One might argue that this definition is self-contradictory. The violation of rights is, by definition, not legitimate. If coercion can not be legitimate, then a monopoly on legitimized coercion is like a monopoly on three-sided squares. However, all that is needed to rescue this definition from such an attack are the words “would otherwise”. An agency has a monopoly on legitimized coercion if it performs acts which would otherwise be treated as rights violations are legitimized specifically because they were performed by that agency.
The remaining problem with this definition is that the government is not the only organization whose coercive violence is legitimized—it does not have a monopoly.
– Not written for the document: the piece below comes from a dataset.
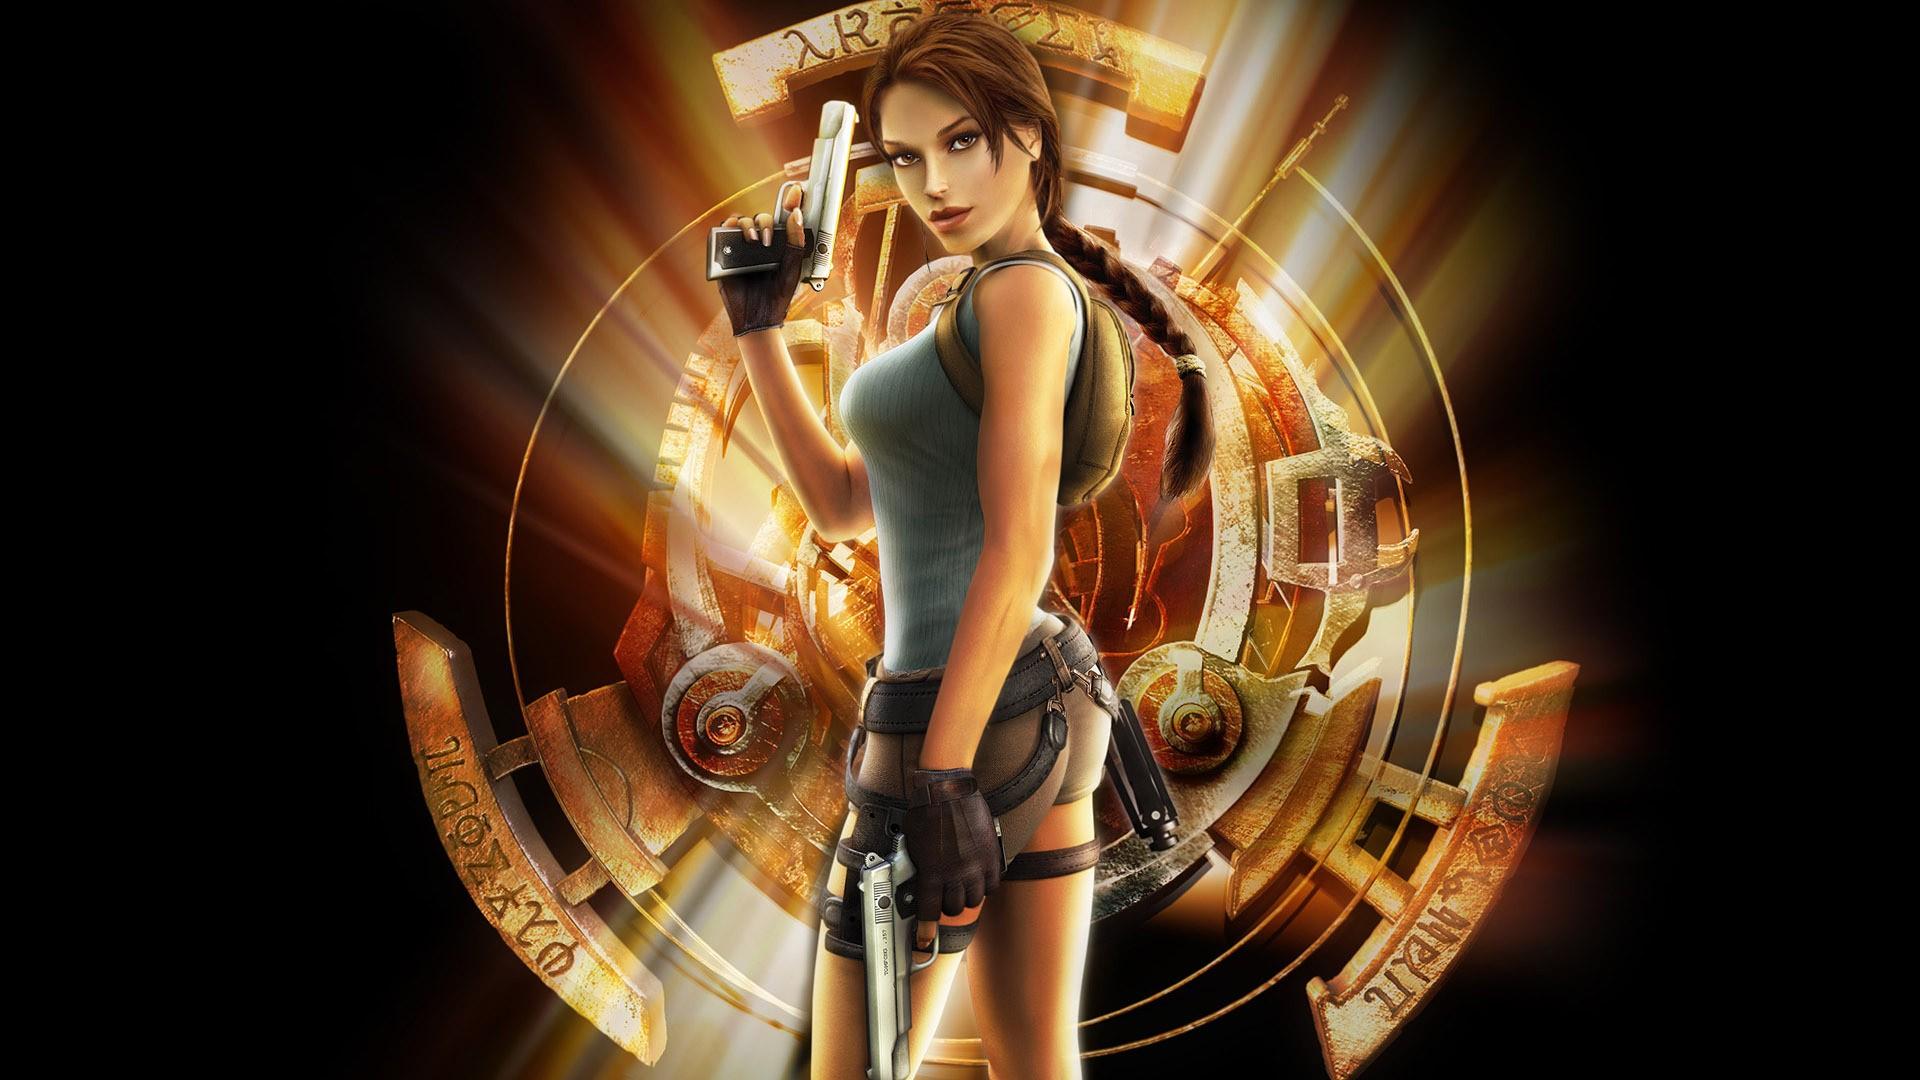 Lara Croft Wallpaper Download Free Beautiful Backgrounds For

Most societies—perhaps all—have some forms of coercive violence which they treat as legitimate, even when not performed by the government. Some examples might include violence against a cheating spouse, violence against someone who used a highly taboo word, violence against someone in a lower social caste, violence against someone who supported the wrong sports team, violence against someone with an abnormal (but non-violent) sexual predilection, violence against someone who professes belief in the wrong ideology, violence in favor of the correct ideology, theft by someone seen as sufficiently desperate, theft against someone who is seen as sufficiently wealthy, and many other possibilities. These are all types of coercive violence that many societies (often including our own, with respect to some of those examples) will allow to happen without reprisal to the perpetrator. That is legitimized coercion: An action which would normally be seen as a violation of the rights of the victim, but because of some legitimizing factor, is treated as legitimate.
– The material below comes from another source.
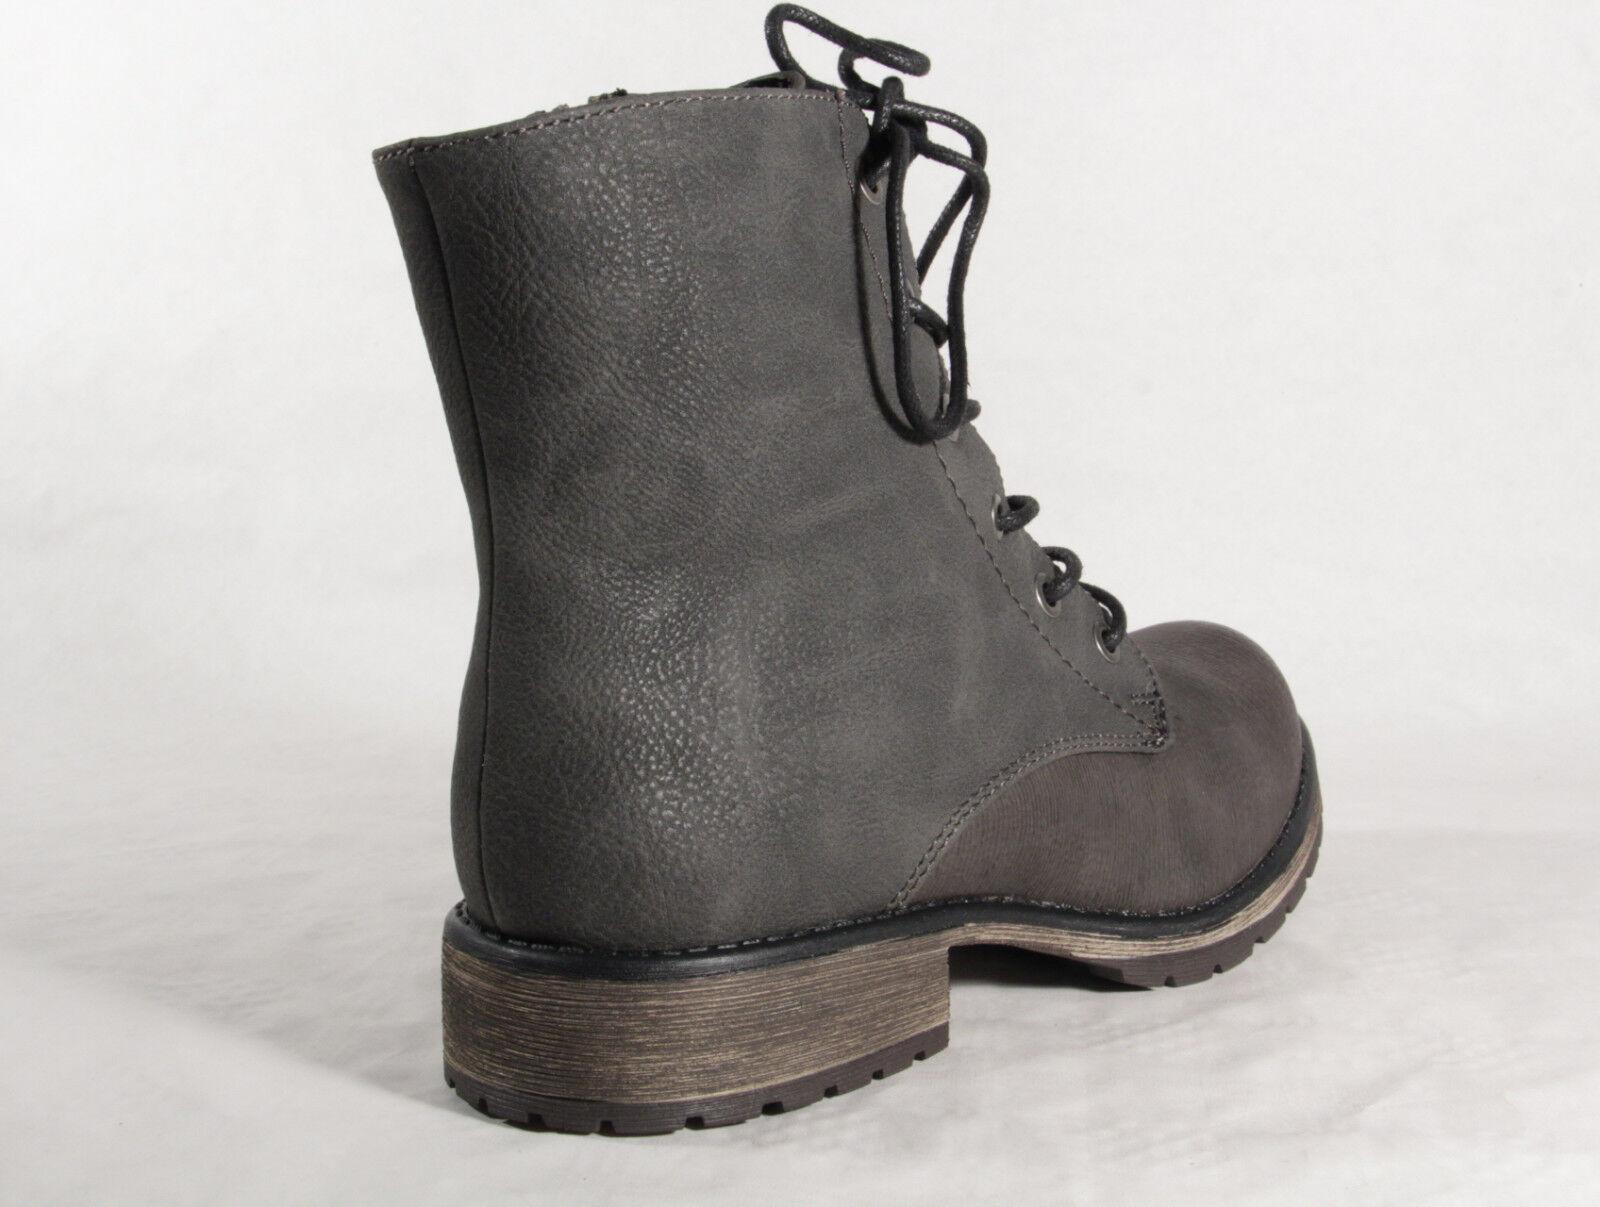 Rieker Stiefel, Stiefelette  Stiefel, NEU Winterstiefel grau 93010  NEU Stiefel, 78a687

These non-governmental examples of legitimized coercion show that, like the previous proposed definitions, the definition of government as “monopoly of legitimized coercion” rules out the US government, and so it is probably not the definition we want to use.
My Favored Definition: An Agency Of Legitimized Coercion
Since the government doesn’t have a monopoly on legitimized coercion, but its coercion is certainly is treated as legitimate by society, the best definition of government really seems to be just “an agency of legitimized coercion.”
This is also the definition used by prolific libertarian thinker, David D. Friedman:
A government is an agency of legitimized coercion. I define 'coercion', for the purposes of this definition, as the violation of what people in a particular society believe to be the rights of individuals with respect to other individuals.
-David D. Friedman, The Machinery of Freedom
This is not to say I necessarily agree with Friedman on what exactly that means. Friedman’s elaboration on this definition may differ somewhat from mine (or not, depending on how you interpret him), but here is the way I would unpack my version:
An agency of legitimized coercion is different from a monopoly of legitimized coercion in that it does not require that the government be the only producer of legitimized coercion in society. What it requires, is merely that coercion be legitimized on the grounds that it comes from the government.
When an assault is committed, it may be justified by the attacker in a number of ways which the society will actually accept—“He’s in a lower social caste”, “he said the forbidden word”, “he’s a sodomite”, “I really needed that”, “he really didn’t need that”, etc.—but one possible justification is “attacking this man was the job assigned to me by the government.”
This is the peculiar characteristic that the government has. If you are seen to be acting in your capacity as an agent of “the government” then your coercive violence will be treated as more legitimate than it otherwise would have been.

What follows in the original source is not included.